Luring web-building spiders out of their lairs in order to
identify and study them has never been an exact science; too much of a
vibration on the cobweb in an attempt to imitate a struggling fly and the
crafty spider will not be fooled. Too little on the other hand, might not even
wake the beast from its slumbers! No, it has to be just right – a fly-weight of
pressure to be precise.
In the past a favoured, cunning ploy was to use a tuning
fork, tapped and then placed gently onto the web. The only problem with this is
that it has to be “re-tapped” all the time, so fell a little short of ideal.

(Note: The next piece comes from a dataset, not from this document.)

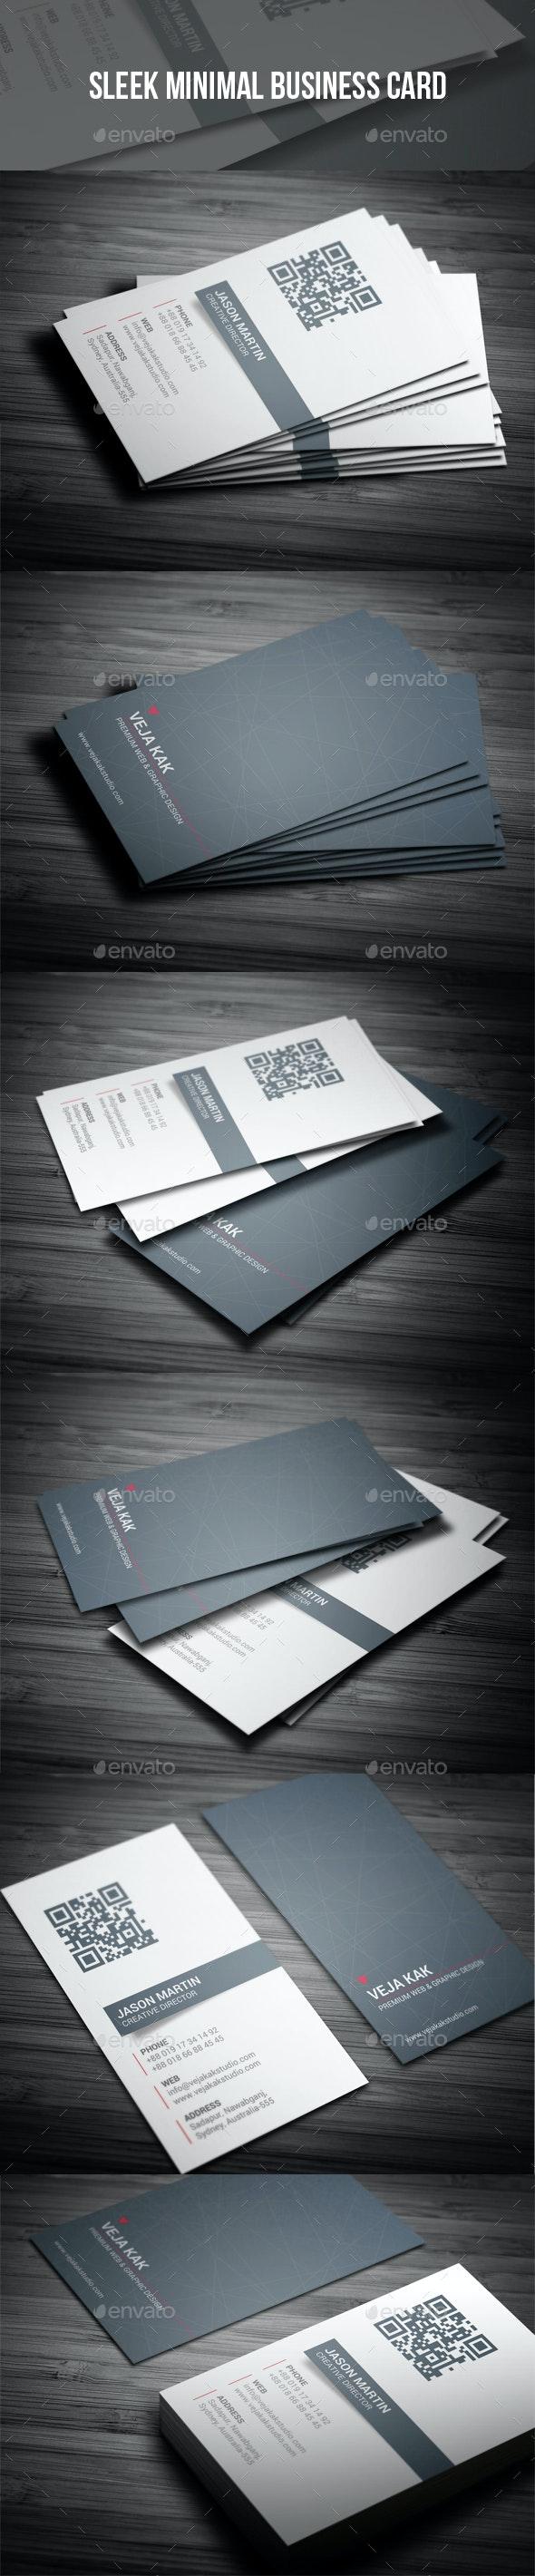 Sleek Minimal Business Card - Creative Business Cards
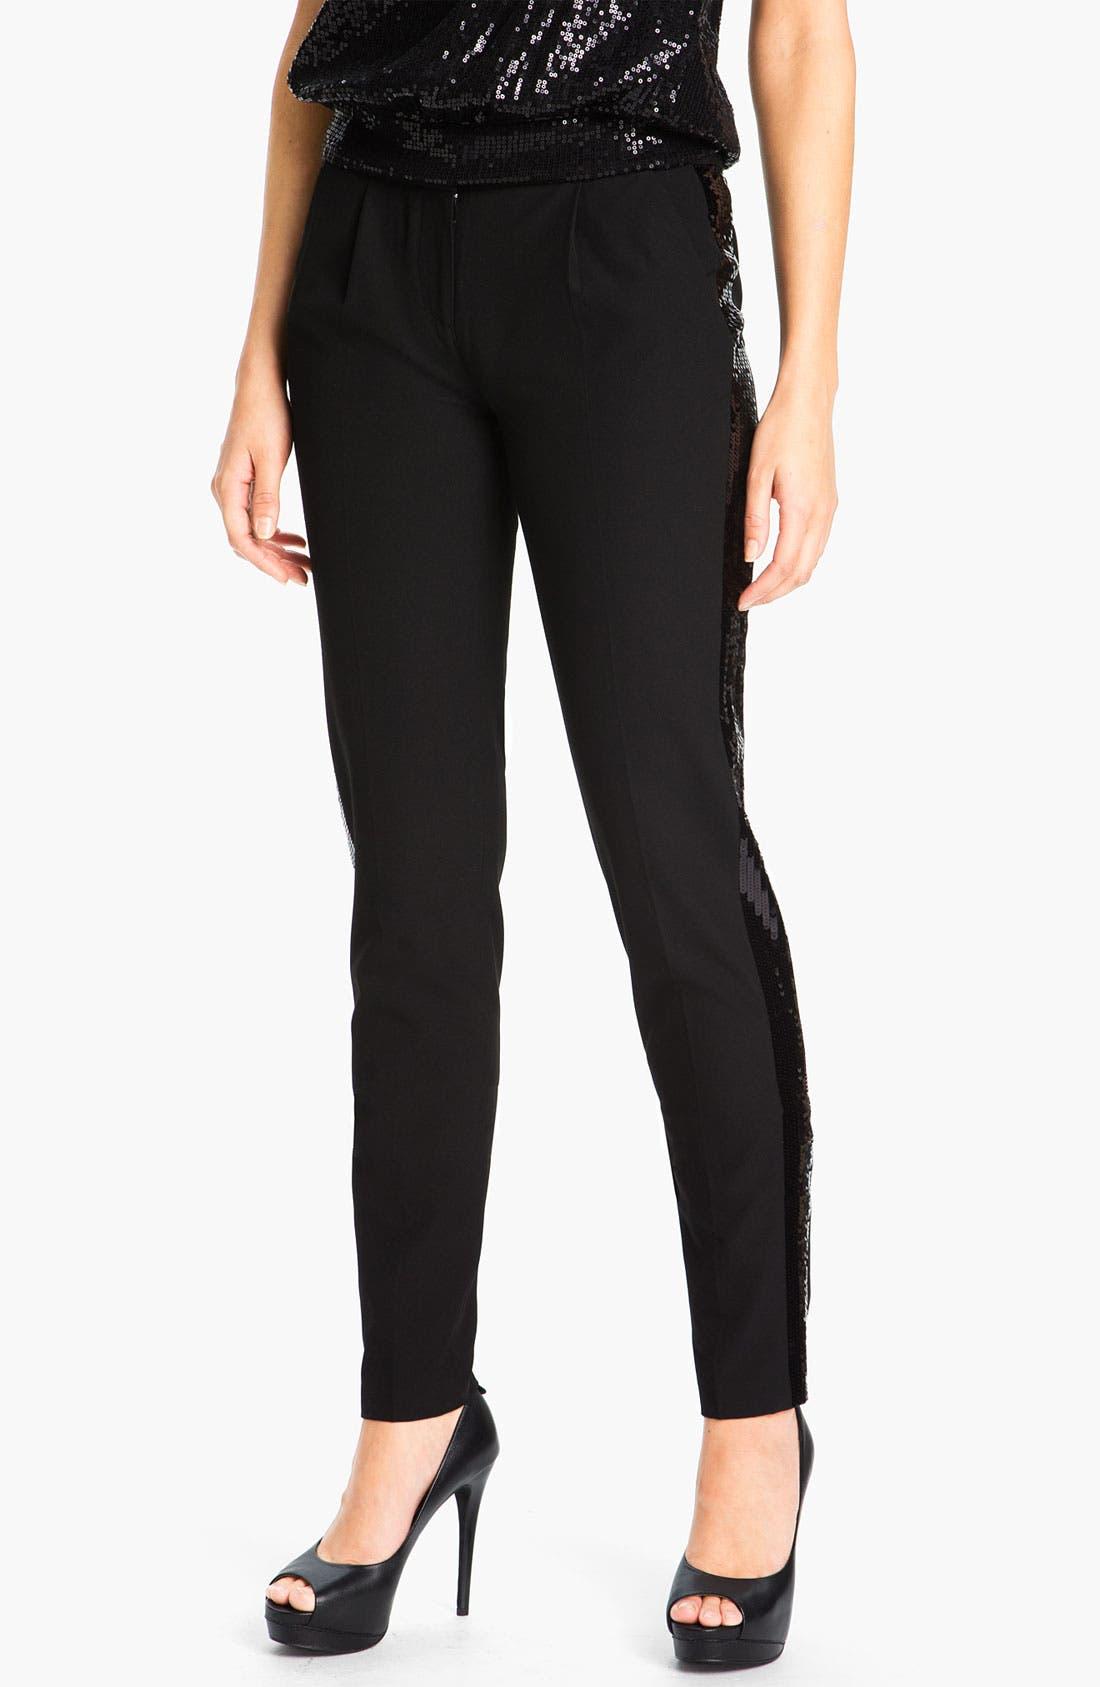 Alternate Image 1 Selected - MICHAEL Michael Kors Sequin Tuxedo Pants

Then one day a clever spider-man called Greg Hitchcock was cleaning his teeth
with an electric toothbrush, when he had one of those “ping” moments. His
toothbrush...... vibrated! What is more,
he could charge it up and take it out into the countryside with him, as easy as
saying “incey wincey spider”!
So off he went to the local British Arachnological Society walk
in Devon, that he just happened to be leading, armed with his brand new precision
tool tucked away in his breast pocket. Before long the assembled spider
enthusiasts came across a large web, whereupon to everyone’s surprise Greg
produced his whirring electric toothbrush and applied it to the web to produce
a prolonged vibration, as only a true professional could. Almost immediately a
large Amaurobius (a big variety!) spider came hurtling out from its lacy silken
tunnel and pounced onto the vibrating brush, attacking it with real
aggression! Unbelievably, it set about the brush with such fervour that it
returned to its corner, probably in a rather disgruntled state, with a severed
bristle in its jaws!
So, should you happen across a chap wandering through the
countryside with no luggage save a toothbrush in his top pocket, think twice
before writing him off as a tramp, as he may well be an extremely distinguished Arachnologist!!